Supposing I want to define linewrapping at X characters, is it like this:
... and is that the same as the existing default behaviour? In particular, the insertion of linebreaks, which might cause problems when you open your file with another editor?
I wonder how the options we're discussing play out in GVim. (I take it it bases its behaviour on .vimrc too.)
Re: vimrc disable auto-wrap
Posted: 30. Sep 2011, 20:57
by pwatk
mimosa wrote:I just tested it and it doesn't seem to affect the behaviour of vim when called as alternate editor by alpine; so I'm assuming alpine has some settings suitable for email that overrride whatever's in .vimrc. However, when vim is called directly, the modification works as described. That might not always be ideal, though I can certainly see that for some things it's much better than the existing default - particularly coding.
Supposing I want to define linewrapping at X characters, is it like this:
Yes
... and is that the same as the existing default behaviour?
Yes
In particular, the insertion of linebreaks, which might cause problems when you open your file with another editor?
Um, well other editors won't see those breaks so no.
We could just use
set textwidth=0 which would keep everything on one line without any breaks.

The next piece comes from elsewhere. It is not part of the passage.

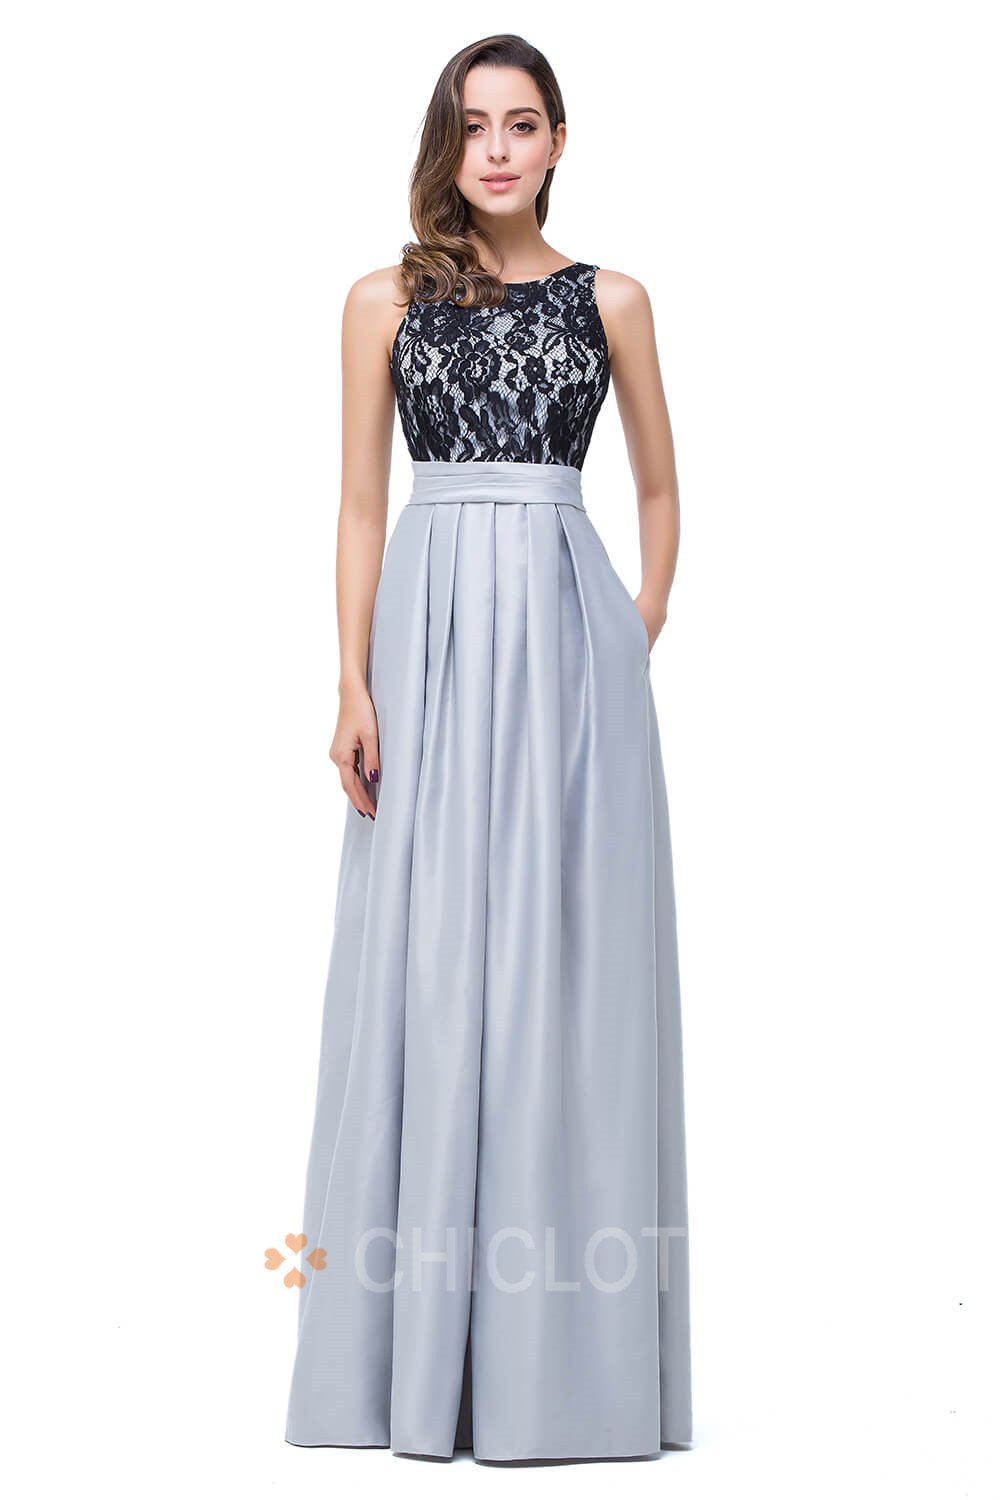 Chicloth Sleeveless Women Floral Print Overlay Slit Elegant Dresses-Cheap Casual Dresses

At least this would remove the annoying margin.
I wonder how the options we're discussing play out in GVim. (I take it it bases its behaviour on .vimrc too.)
AFAIK Gvim will observe the options set in the .vimrc but don't quote me.
Re: vimrc disable auto-wrap
Posted: 5. Oct 2011, 17:49
by JRD
pwatk wrote:AFAIK Gvim will observe the options set in the .vimrc but don't quote me.

Yes it will.
I vote also for having this options by default.
for the "showbreak" content, whatever you find it ok is ok for me.
A bit off topic, but could "modeline" be also added to the standard default options ?
It's a option that say to parse modelines at start of files like :
Code: Select all
$ cat myfilewithweird.extension
# vim: syn=sh
echo "in fact it's a sh script"
Open this file with vim (or gvim) with a "set modeline" in .vimrc and you will have the correct syntax highlight.
I use this always. It's very convenient for some files with non-standard extension. The syntax of the modeline could vary a lot and adapt to any language.